▶ [INFORMATION SUPPLIED]
====

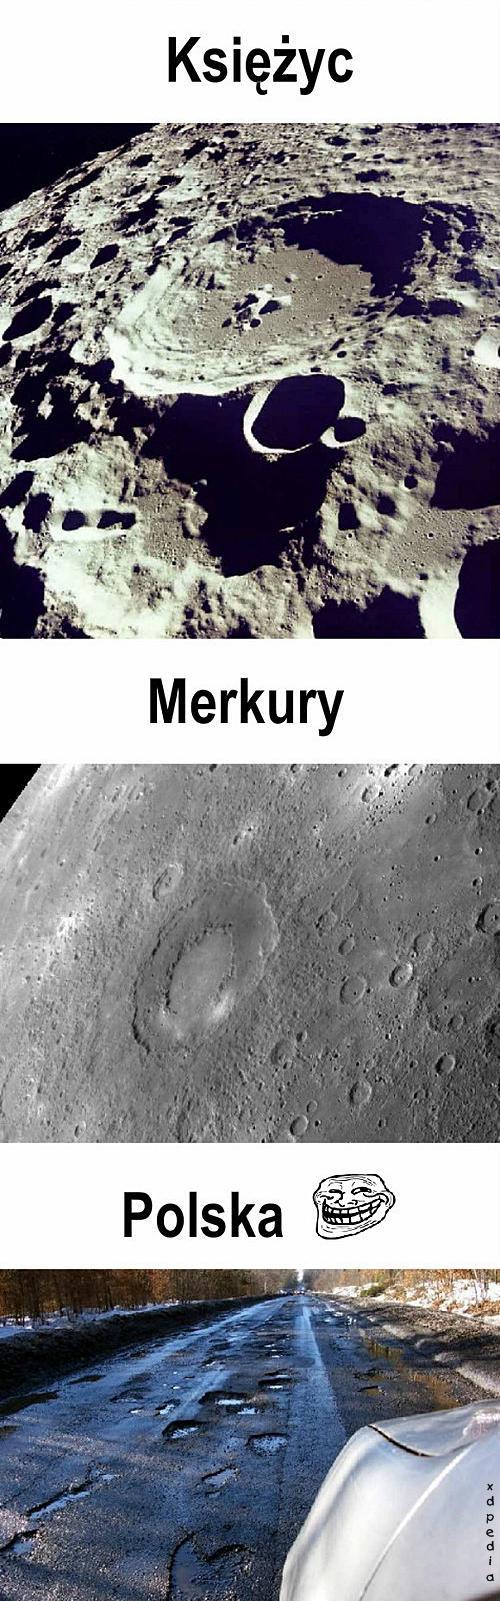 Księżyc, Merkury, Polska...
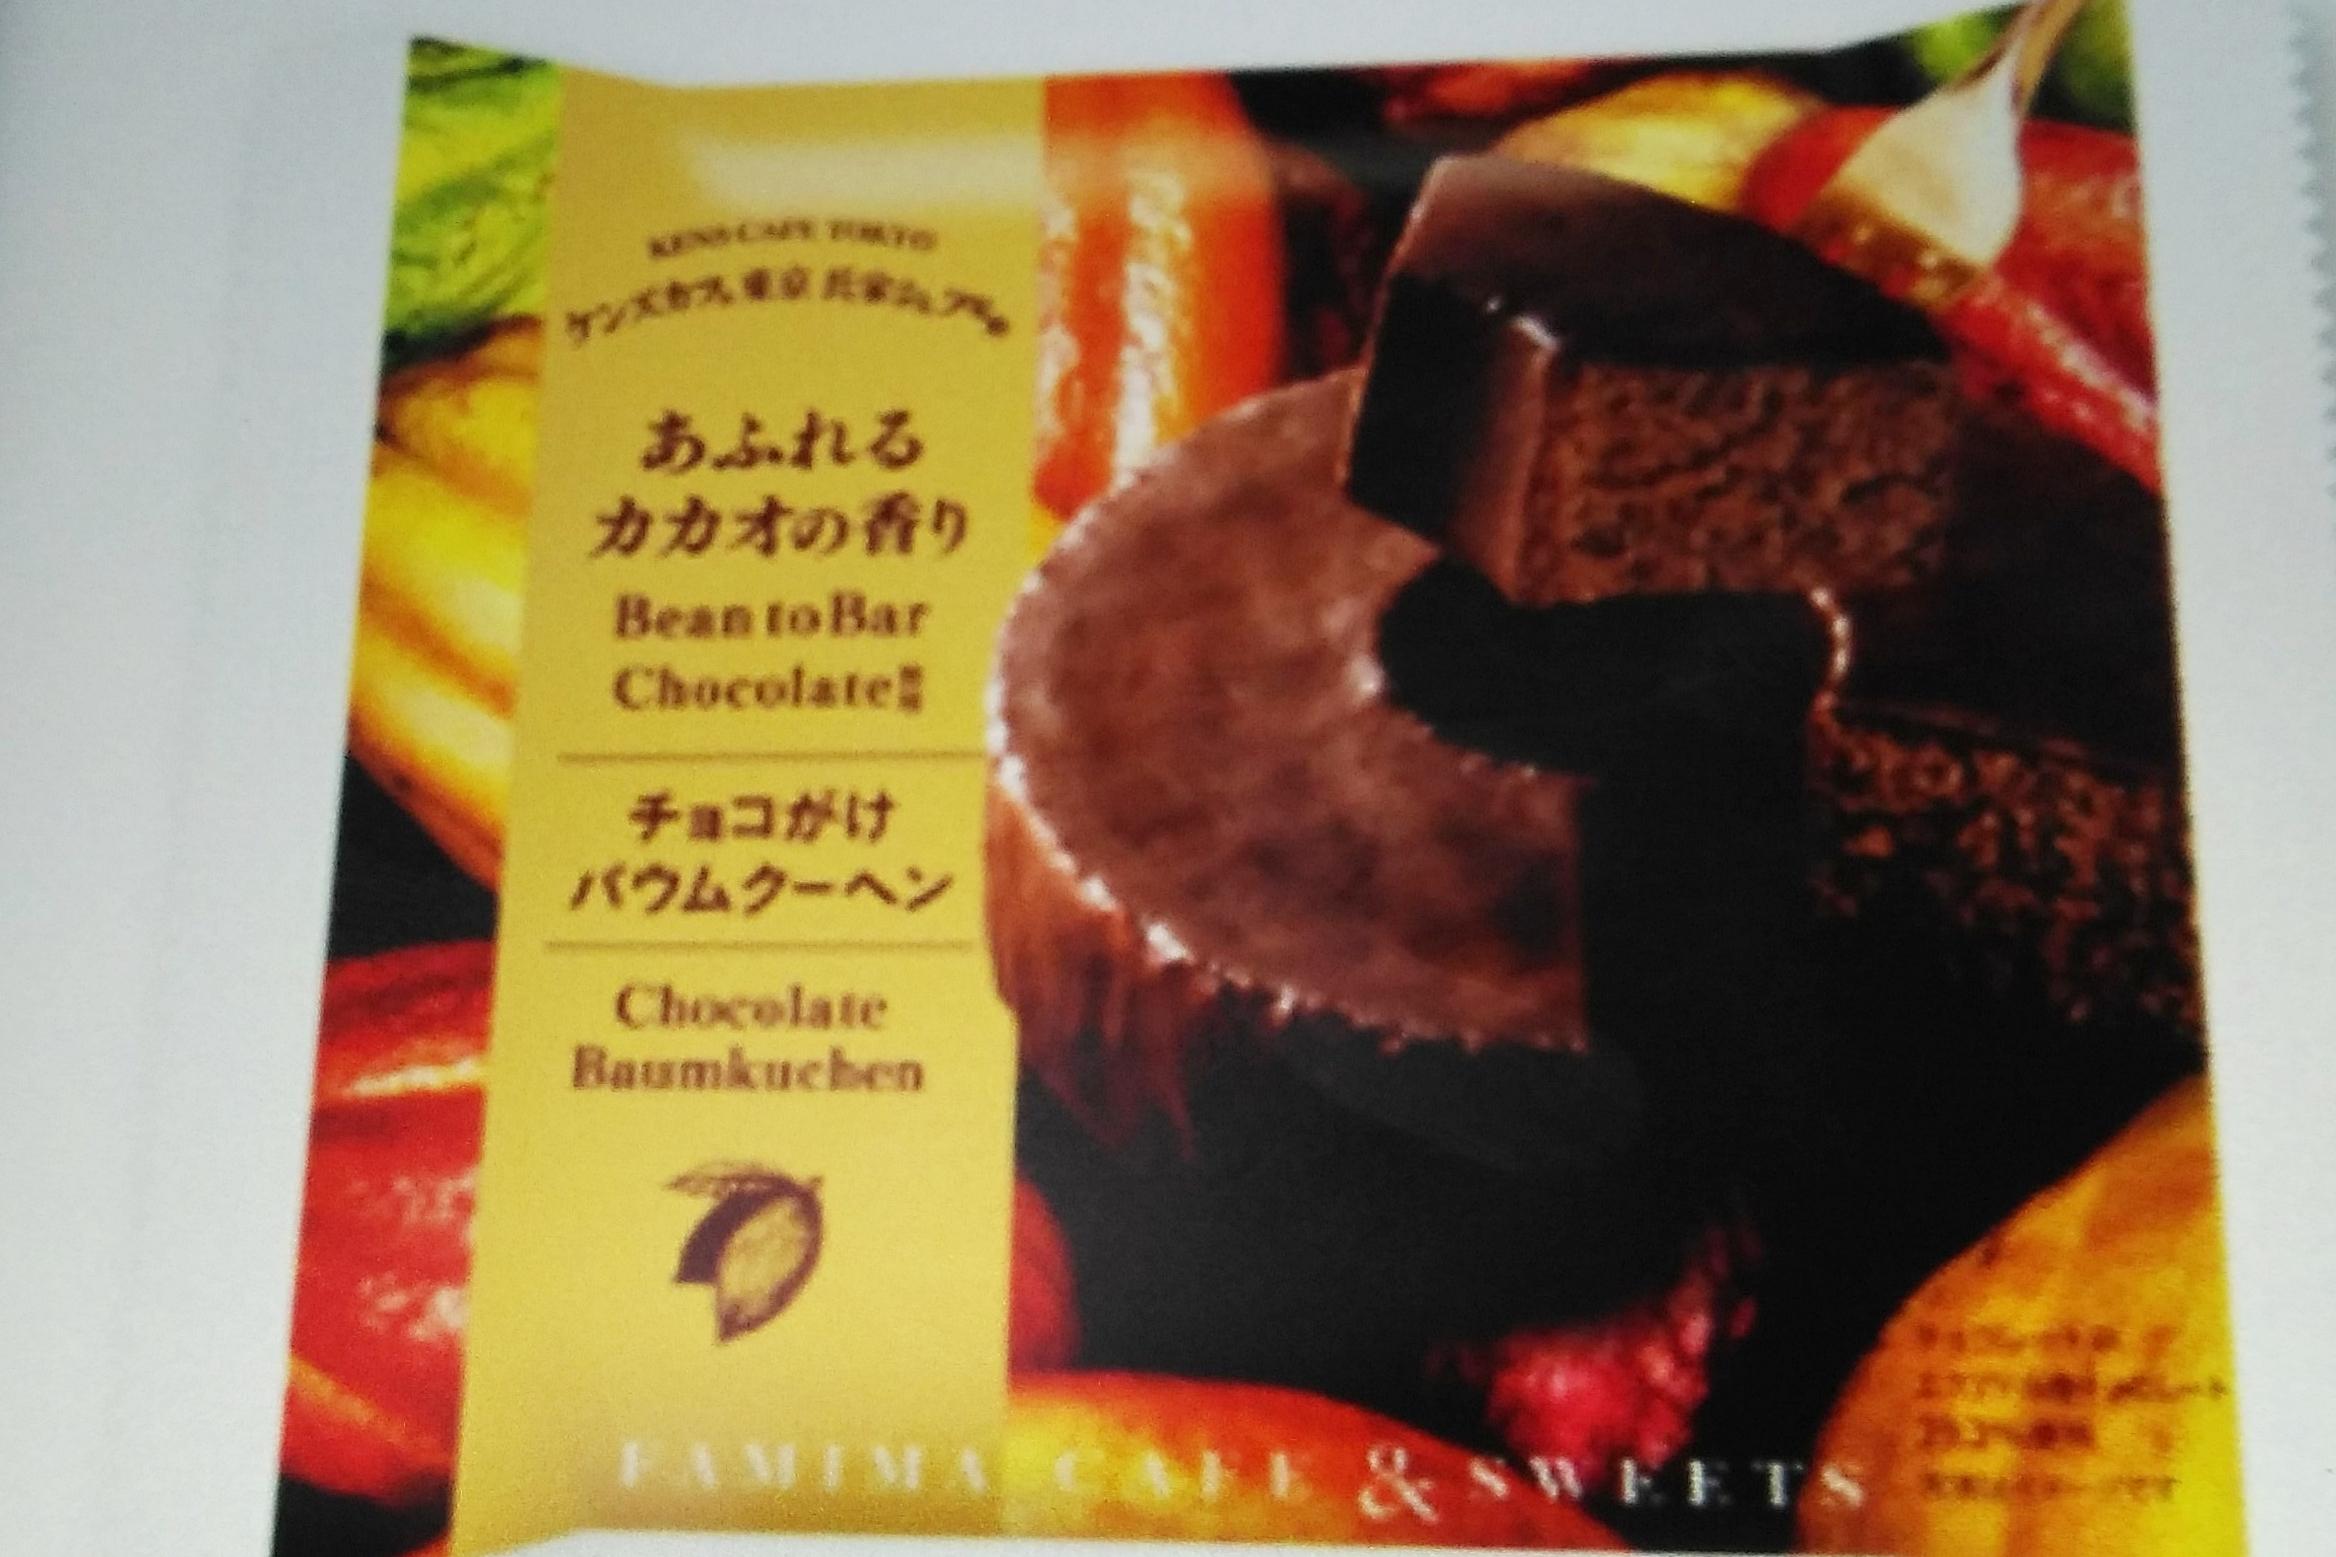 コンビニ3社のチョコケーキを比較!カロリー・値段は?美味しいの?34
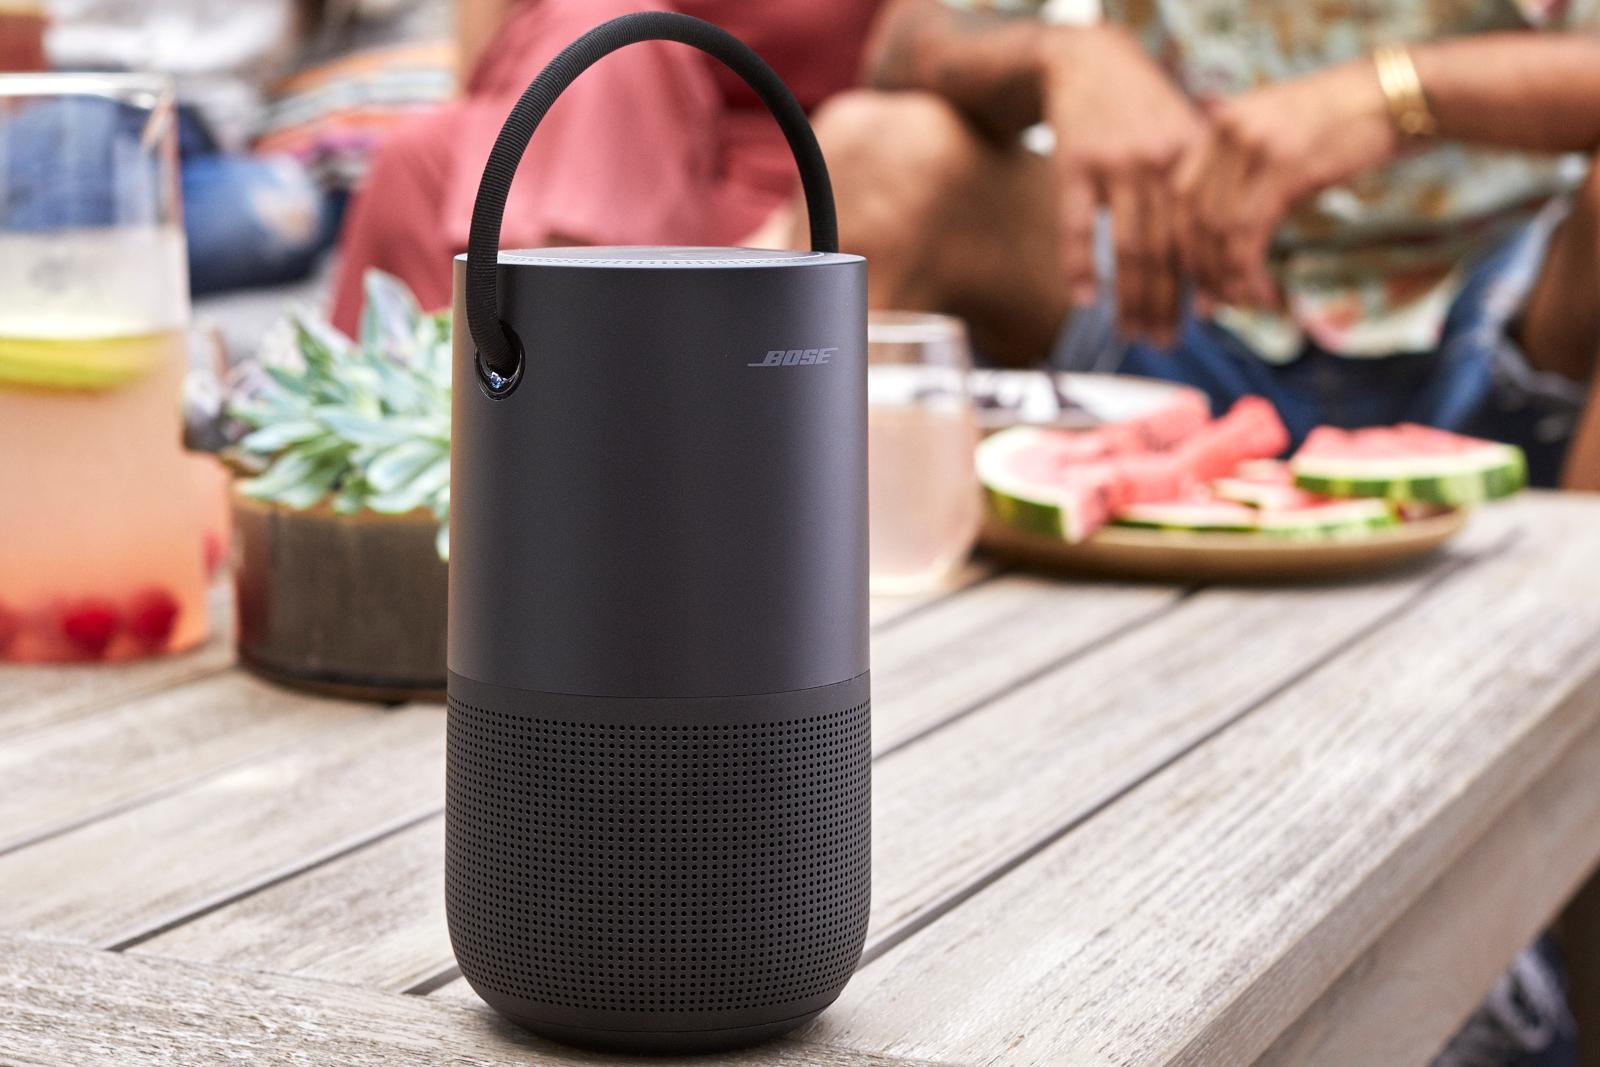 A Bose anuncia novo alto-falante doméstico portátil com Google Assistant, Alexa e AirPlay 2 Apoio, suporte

====

▶ [TASK BRIEF] Take the data above and set it down exactly, images excluded.

▶ [FINISHED TASK]
 Księżyc, Merkury, Polska...
 コンビニ3社のチョコケーキを比較!カロリー・値段は?美味しいの?34
 A Bose anuncia novo alto-falante doméstico portátil com Google Assistant, Alexa e AirPlay 2 Apoio, suporte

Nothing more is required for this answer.